> WHAT IS REQUIRED
Omit every picture, then return each line of the data below exactly.

> RAW DATA

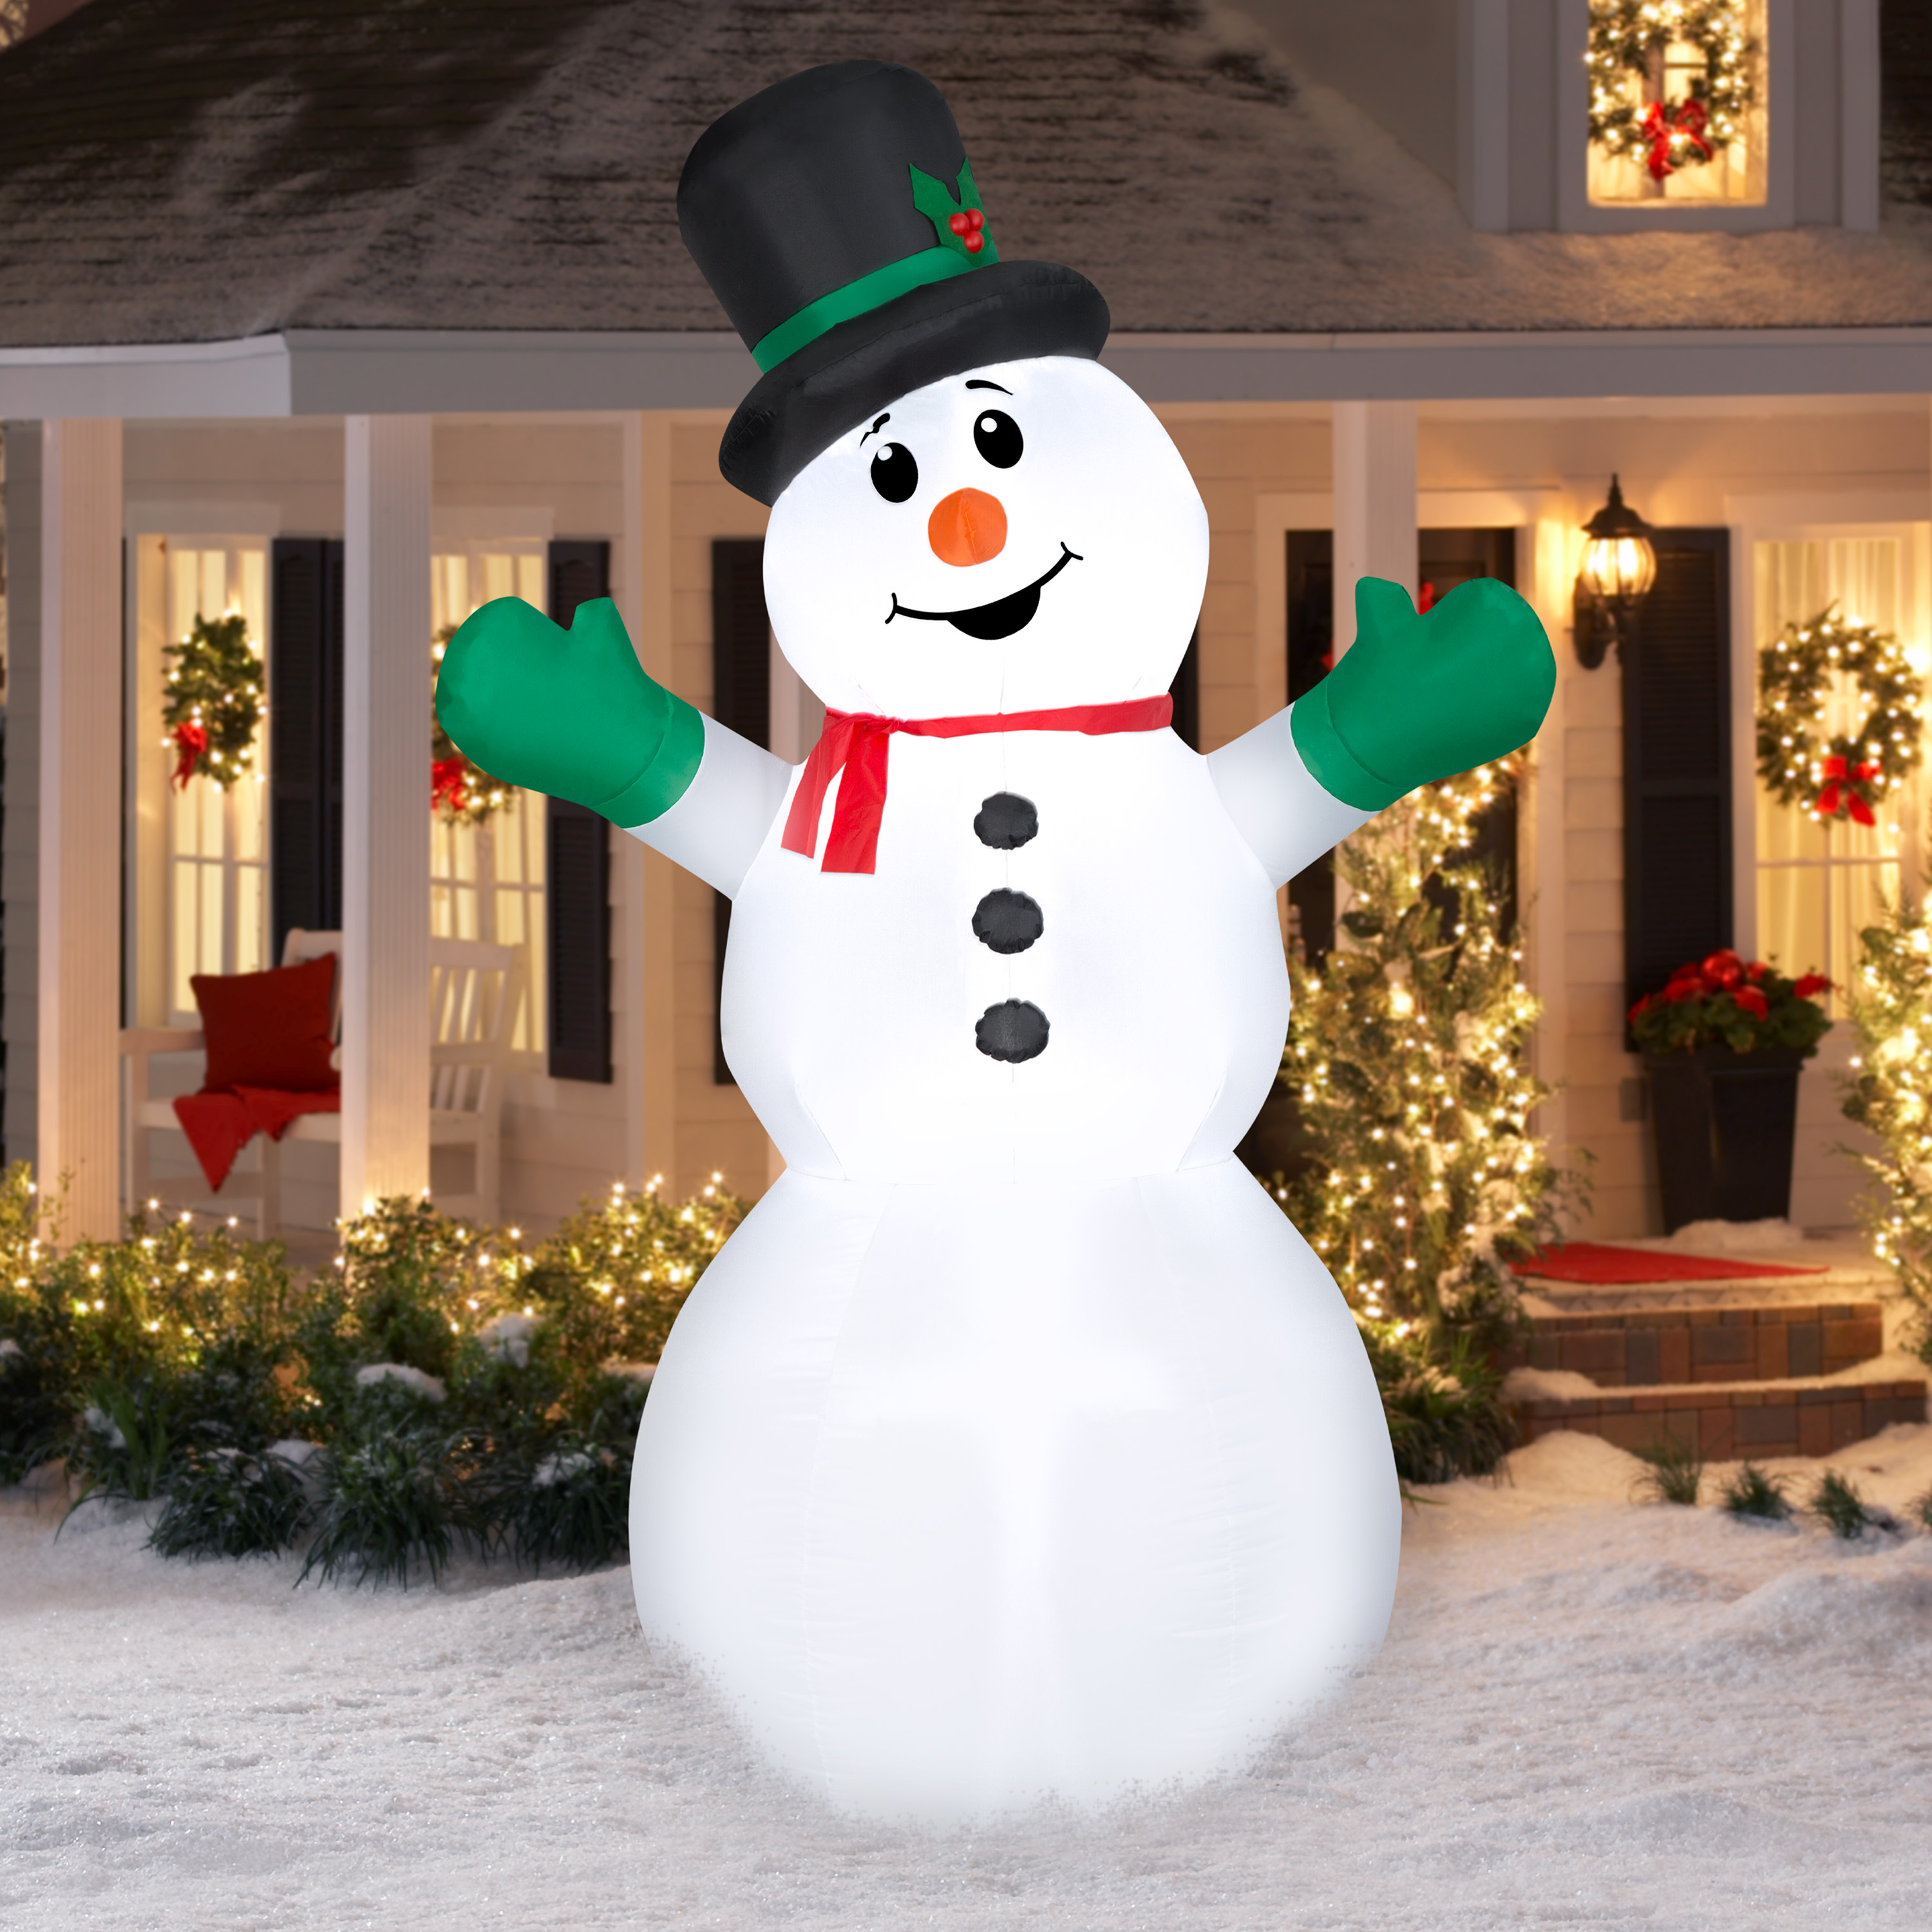 Airblown Inflatables Large Snowman, 9 Feet Tall - image 5 of 6
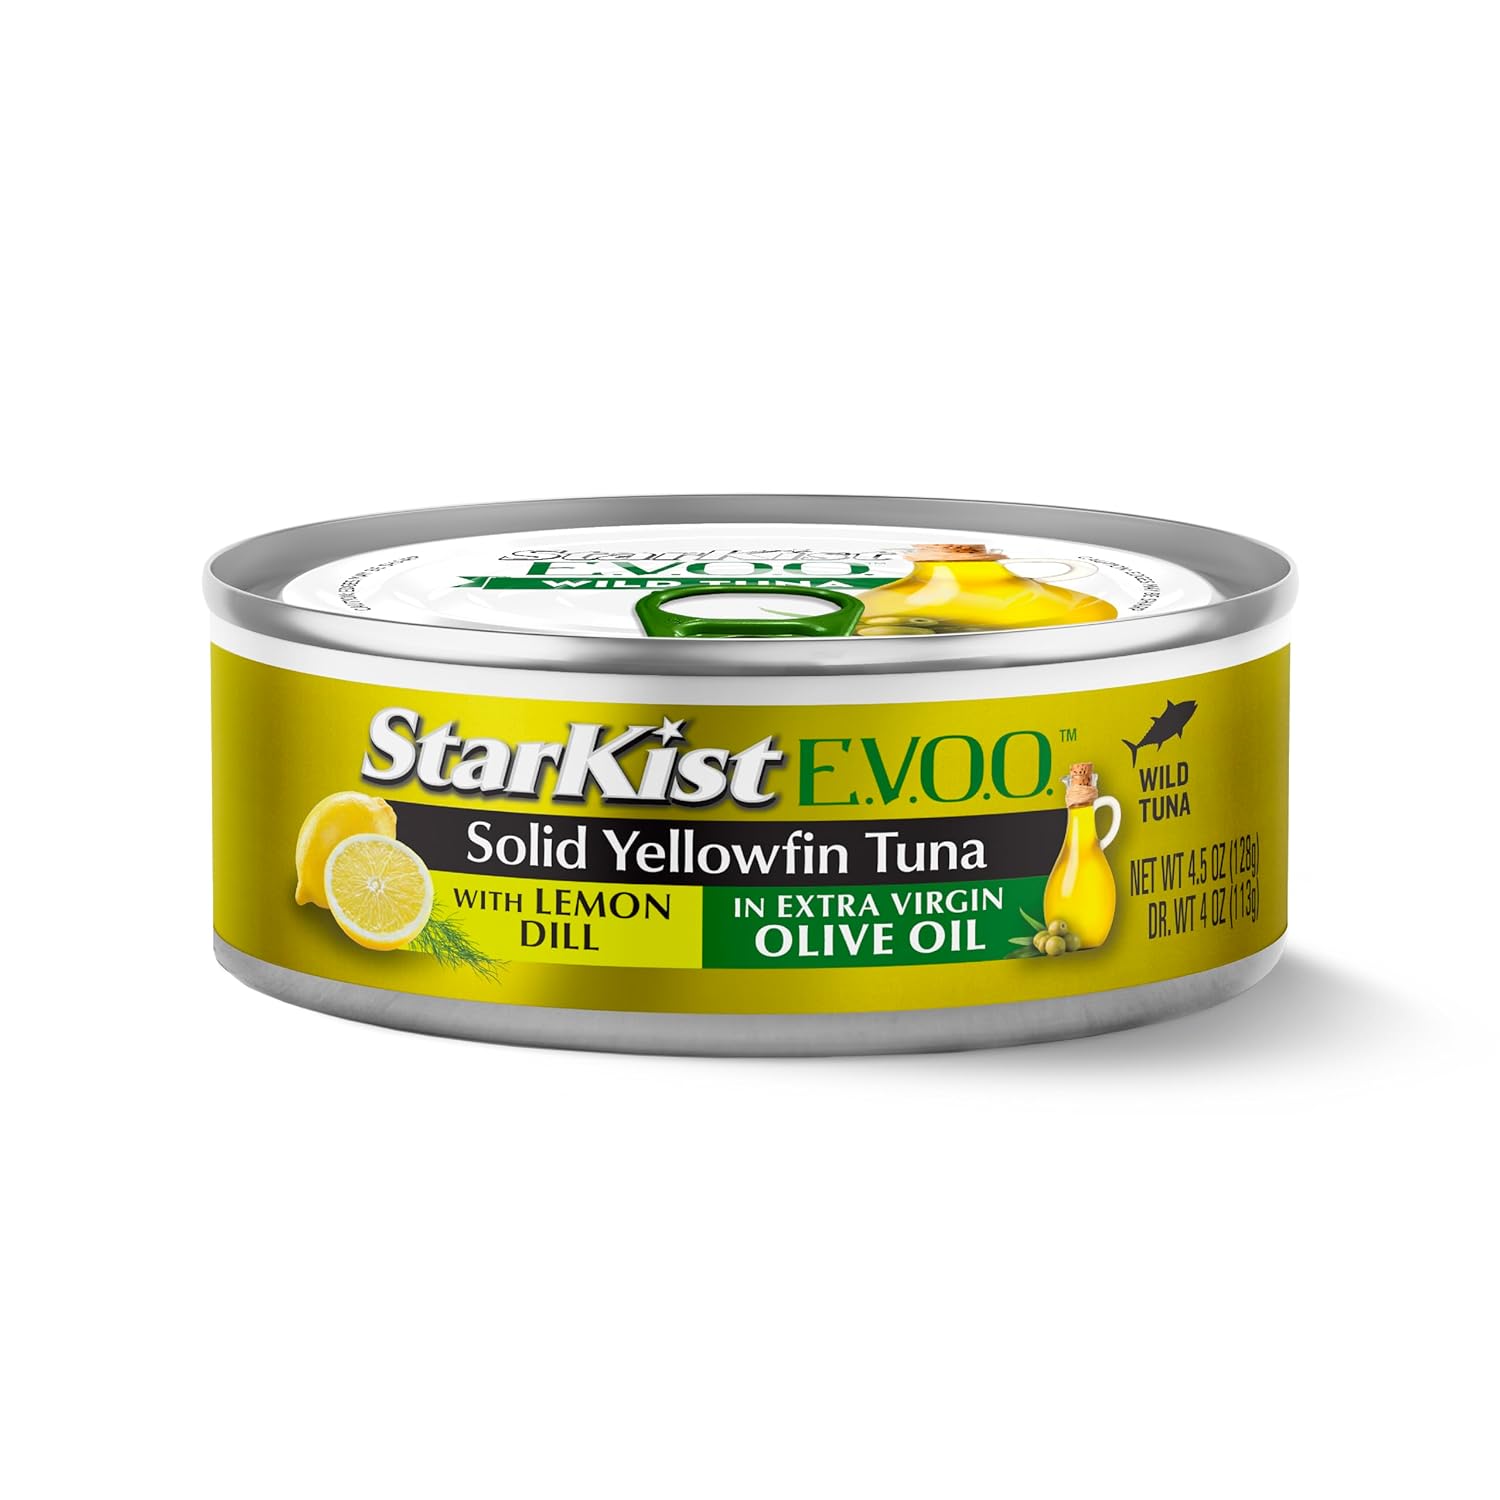 StarKist E.V.O.O. Solid Yellowfin Tuna with Lemon Dill and Extra Virgin Olive Oil (Packaging May vary), 4.5 Ounce (Pack of 12)
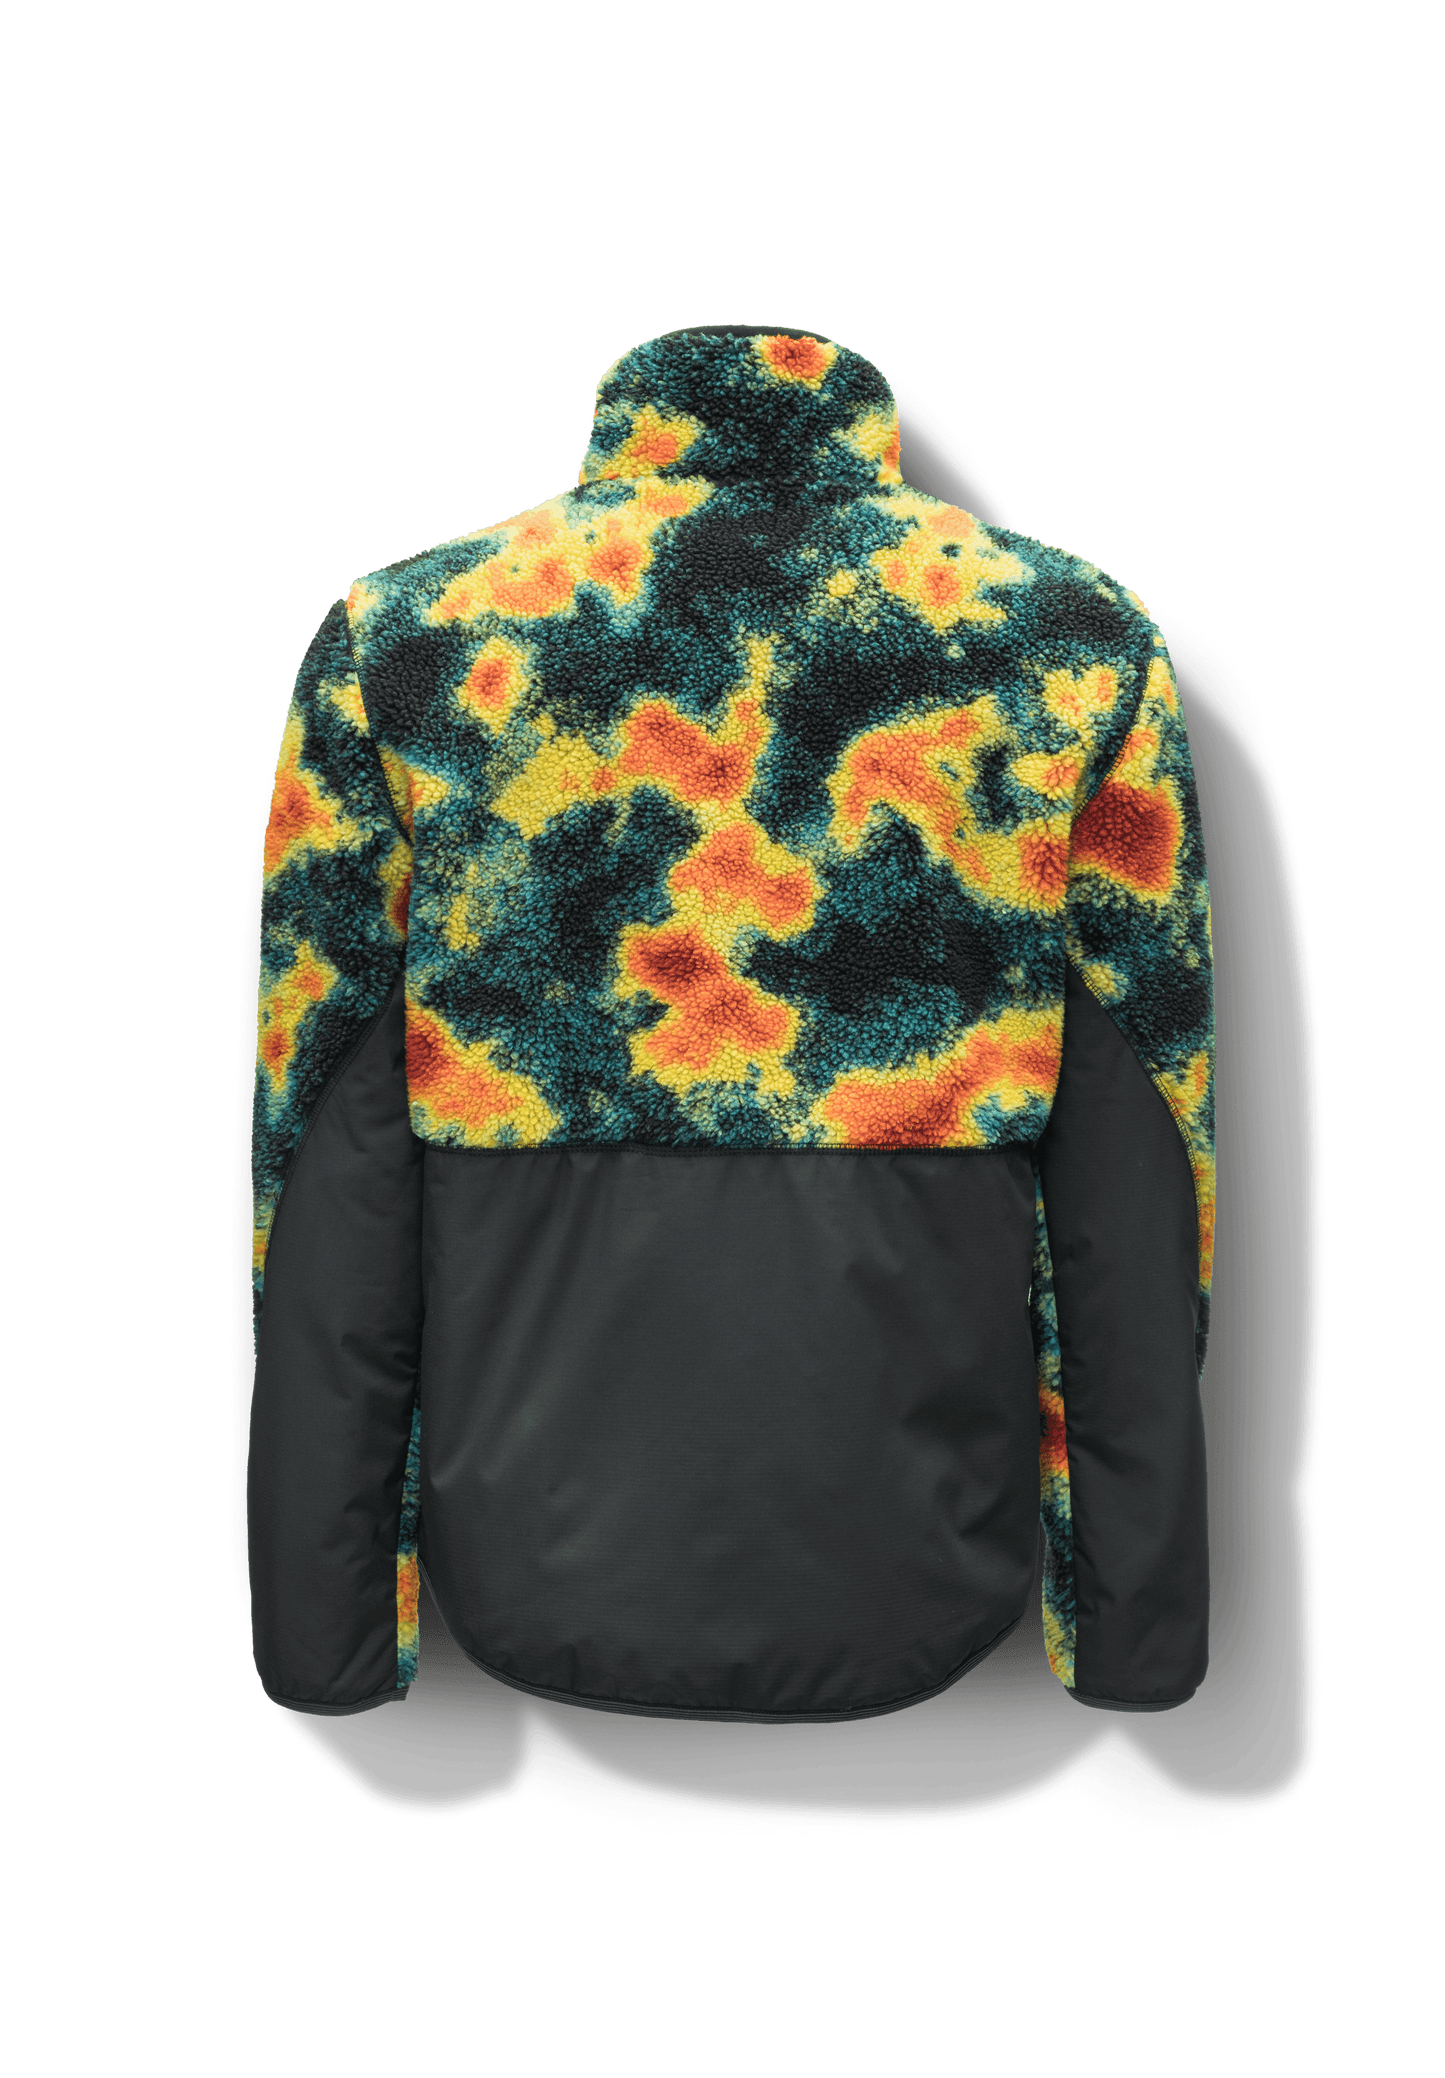 Kepler Men's Berber Zip Front Sweater in hip length, premium berber and stretch ripstop fabrication, Primaloft Gold Insulation Active+, two-way centre-front zipper, zipper pocket at left chest, magnetic closure flap pockets at waist with additional side-entry pockets, in Heat Map

> ANSWER TO THIS PROBLEM
 Airblown Inflatables Large Snowman, 9 Feet Tall - image 5 of 6
 StarKist E.V.O.O. Solid Yellowfin Tuna with Lemon Dill and Extra Virgin Olive Oil (Packaging May vary), 4.5 Ounce (Pack of 12)
 Kepler Men's Berber Zip Front Sweater in hip length, premium berber and stretch ripstop fabrication, Primaloft Gold Insulation Active+, two-way centre-front zipper, zipper pocket at left chest, magnetic closure flap pockets at waist with additional side-entry pockets, in Heat Map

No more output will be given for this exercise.